On this planet of AI brokers that click on, scroll, execute and automate — we’re transferring quick from “simply perceive textual content” to “truly use software program for you.” The brand new benchmark SCUBA tackles precisely that: how nicely can brokers do actual enterprise workflows contained in the Salesforce platform?
What makes SCUBA stand out:
- It’s constructed across the precise workflows contained in the Salesforce platform.
- It covers 300 job cases derived from actual person interviews (platform admins, gross sales reps, and repair brokers).
- The duties take a look at not simply “does the mannequin reply the query” however “can the mannequin use the UI, manipulate knowledge, set off workflows, troubleshoot points.”
- It addresses a niche: present benchmarks usually concentrate on net navigation and software program manipulation — however enterprise-software “laptop use” is difficult to measure. SCUBA goals to fill that.
Key Takeaway: If you need brokers that don’t simply chat, however act in enterprise software program, this can be a massive step.
The Enterprise Impression
Think about an AI assistant that may navigate your CRM, replace data, launch workflows, interpret dashboard failures, and assist your service crew get unstuck. That’s the imaginative and prescient this paper leans into.
Right here’s why it’s compelling:
- Enterprise alignment: Many benchmarks are educational or consumer-web oriented. SCUBA places the highlight on business-critical environments (admin, gross sales, and repair).
- Reasonable duties: By deriving duties from person interviews and real personas, it bridges the hole between “toy benchmark” and “dwell person state of affairs.”
- Measurable agent efficiency in context: It permits analysis of how nicely an agent operates inside software program programs, not simply through textual content.
- Roadmap for future AI assistants: As extra organizations undertake AI to automate software program use (not simply evaluation), benchmarks like this set expectations, spotlight challenges, and direct progress.
For companies like Salesforce (and their prospects) the implications are clear: higher agent tooling, fewer guide clicks, sooner difficulty decision, extra environment friendly gross sales/service groups. For the AI neighborhood: a brand new frontier of “job execution in UI” moderately than “simply textual content reasoning”.
Key Insights:
1. Sturdy efficiency gaps throughout agent sorts
- Within the zero-shot setting (i.e., the agent is given solely the duty question), open-source mannequin powered computer-use brokers that carry out nicely on associated benchmarks like OSWorld obtain lower than 5% success fee on SCUBA. In the meantime, strategies constructed on closed-source fashions (basis fashions behind proprietary brokers) achieved as much as 39% job success fee in zero-shot on SCUBA.

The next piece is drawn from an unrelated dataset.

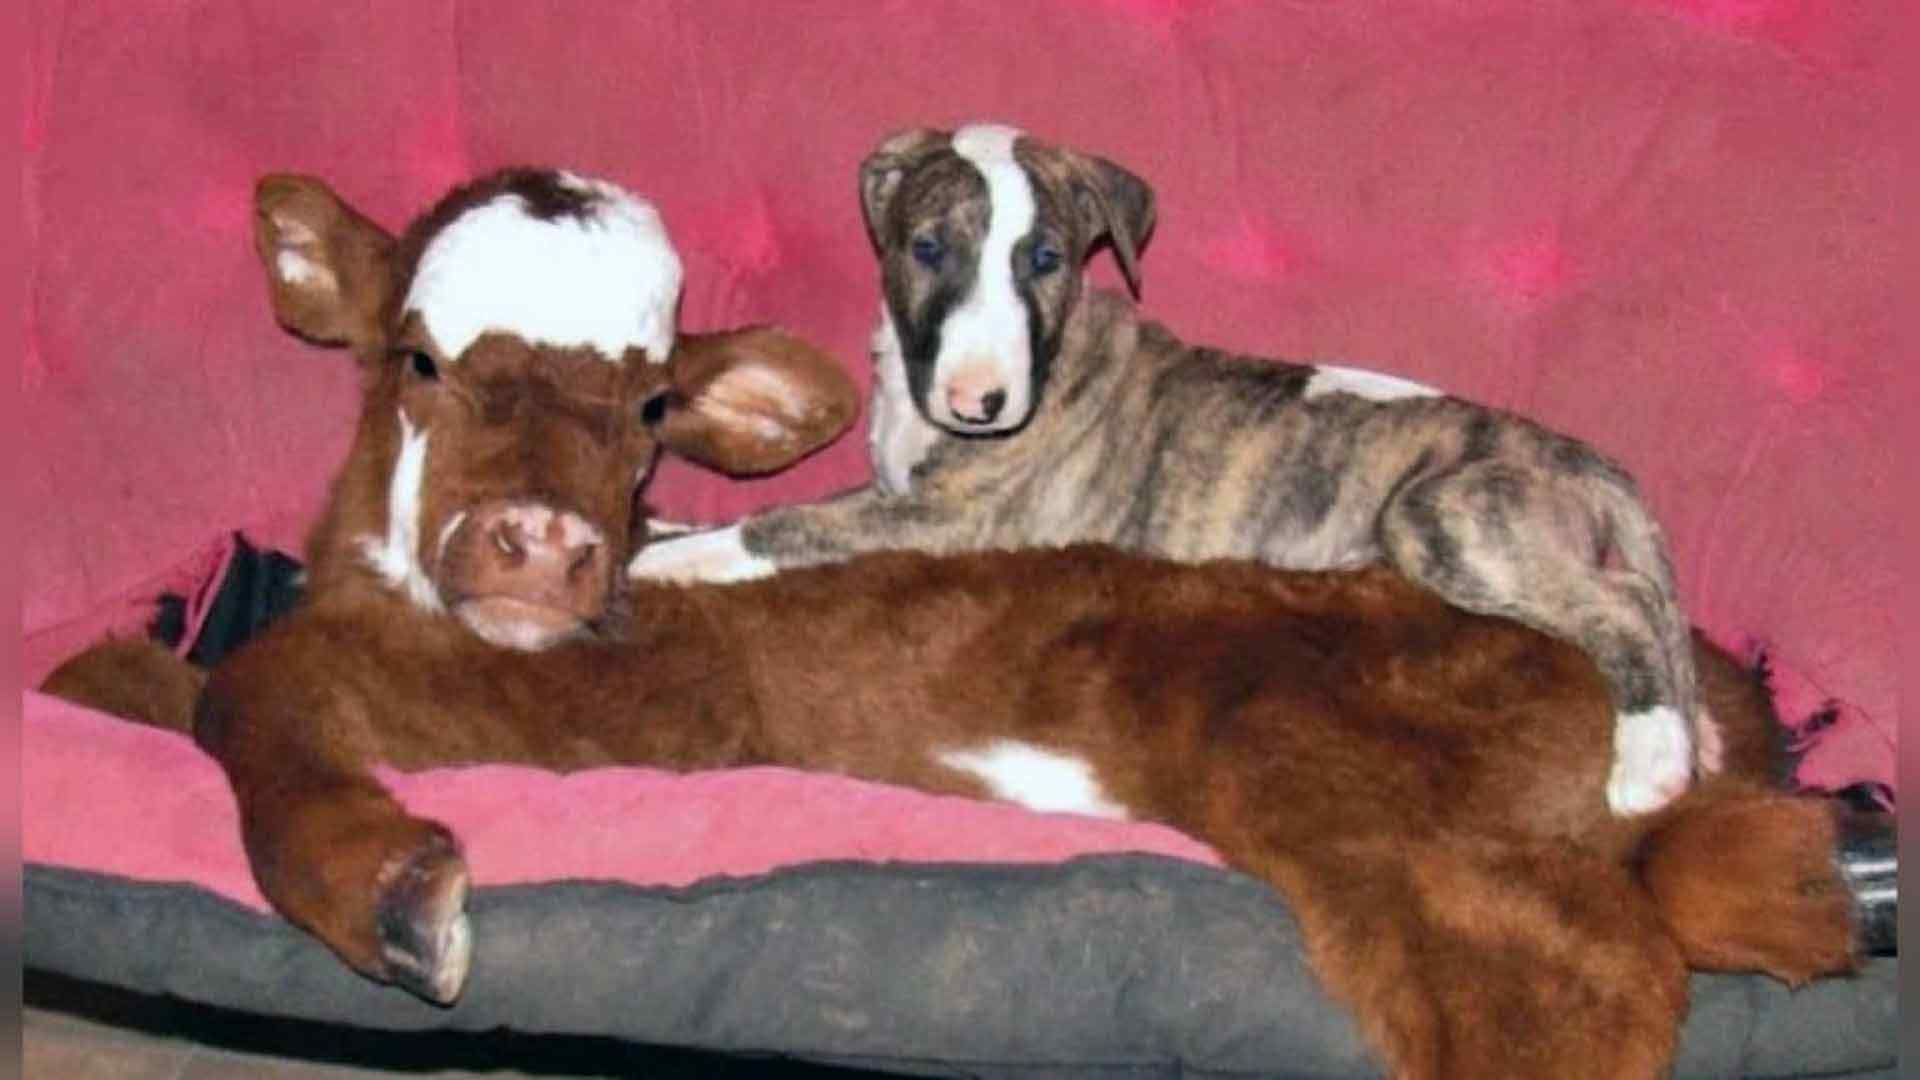 An amazing friendship between a miniature cow and her dog pack

- Within the demonstration-augmented setting (the agent is proven human demonstrations of comparable duties), success charges can rise to round 50%, whereas additionally decreasing time and prices (by ~13% and ~16%, respectively).
- A transparent hole: open-source brokers wrestle rather more than closed-source ones; area specificity (CRM duties) is way tougher than generic benchmarks.
2. Demonstrations assist — however solely up to some extent
Information articles and tutorials on find out how to use salesforce platforms are simply accessible. One pure query is whether or not AI brokers can leverage this info successfully. The experiment outcomes reveal that
- Human demonstrations (displaying the agent find out how to do an identical job) improved efficiency throughout most brokers: larger success charges, decrease time, decrease token utilization. However, some brokers didn’t profit as a lot
- Additionally, some browser-use brokers ended up utilizing extra steps in demonstration-augmented mode (for instance as a result of discovering “shortcuts” that the human demo didn’t present). So the design of demonstrations nonetheless issues.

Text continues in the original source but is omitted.